EXERCISE INPUT Start Marker

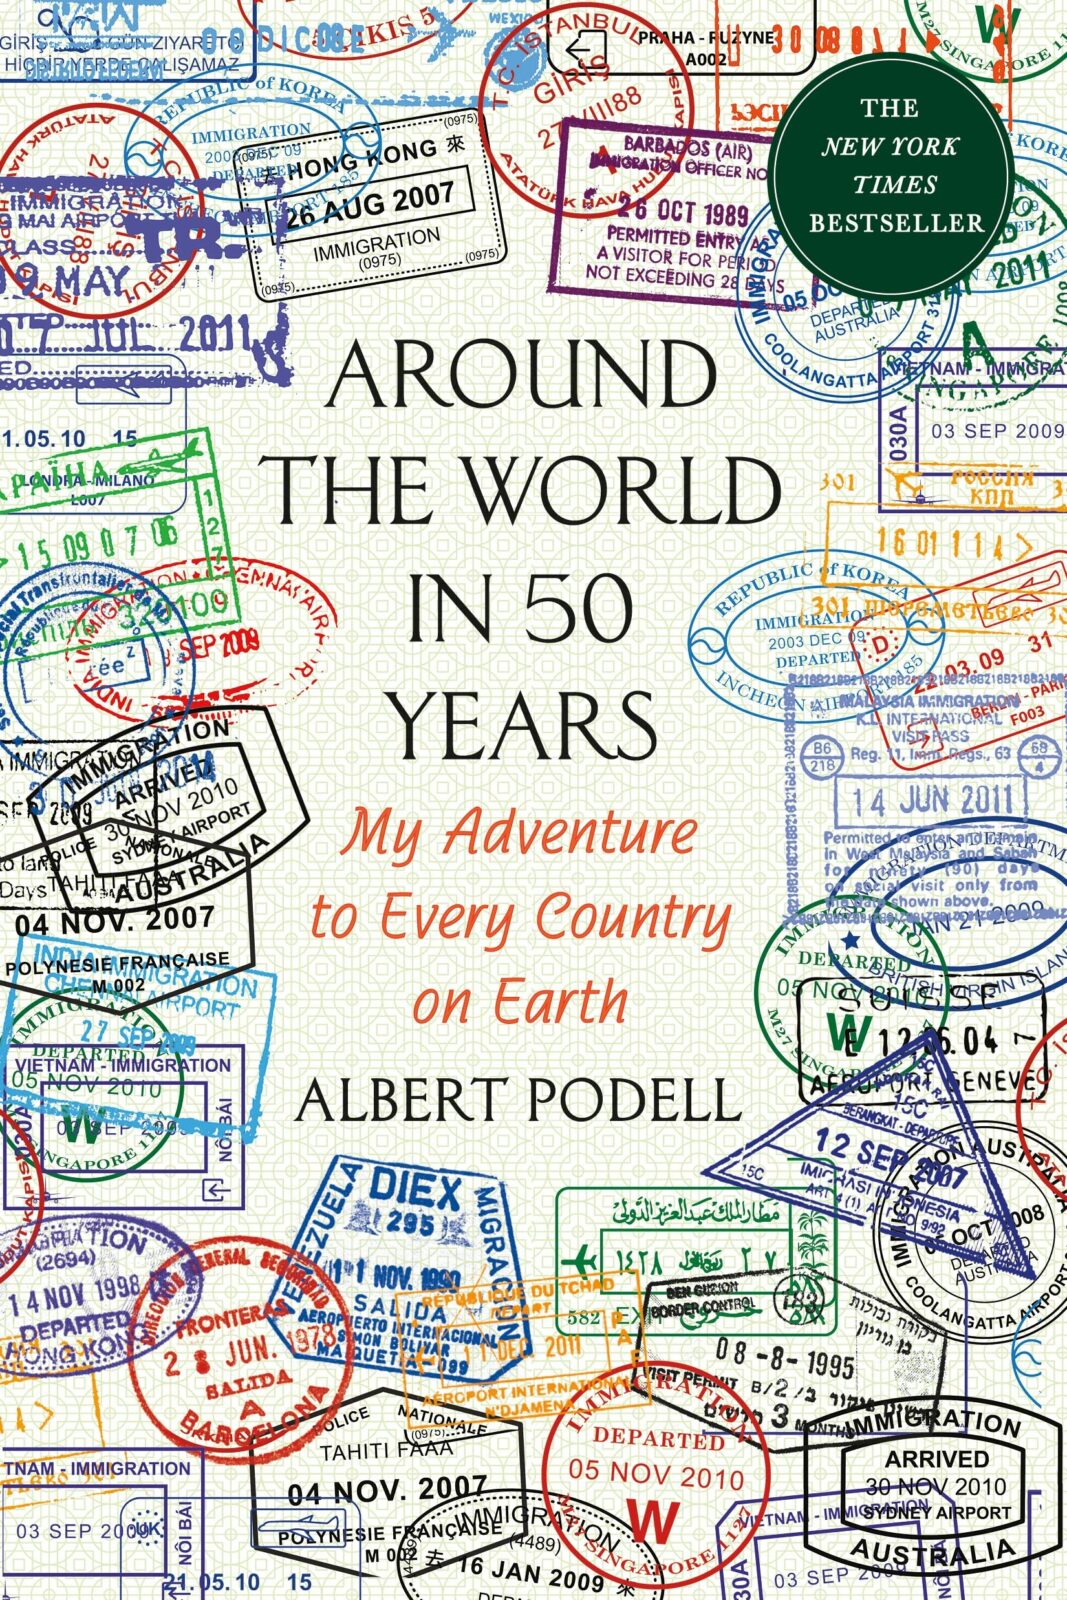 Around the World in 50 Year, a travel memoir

EXERCISE INPUT End Marker
EXERCISE INPUT Start Marker

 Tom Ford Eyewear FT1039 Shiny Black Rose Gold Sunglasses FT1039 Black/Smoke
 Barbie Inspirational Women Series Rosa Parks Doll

EXERCISE INPUT End Marker

WORK REQUEST:
Nothing but the lines above from the one containing "Tom Ford Eyewear" through the one containing "Barbie Inspirational Women" should appear in the answer, each repeated exactly.

OUTPUT OF THE EXERCISE:
 Tom Ford Eyewear FT1039 Shiny Black Rose Gold Sunglasses FT1039 Black/Smoke
 Barbie Inspirational Women Series Rosa Parks Doll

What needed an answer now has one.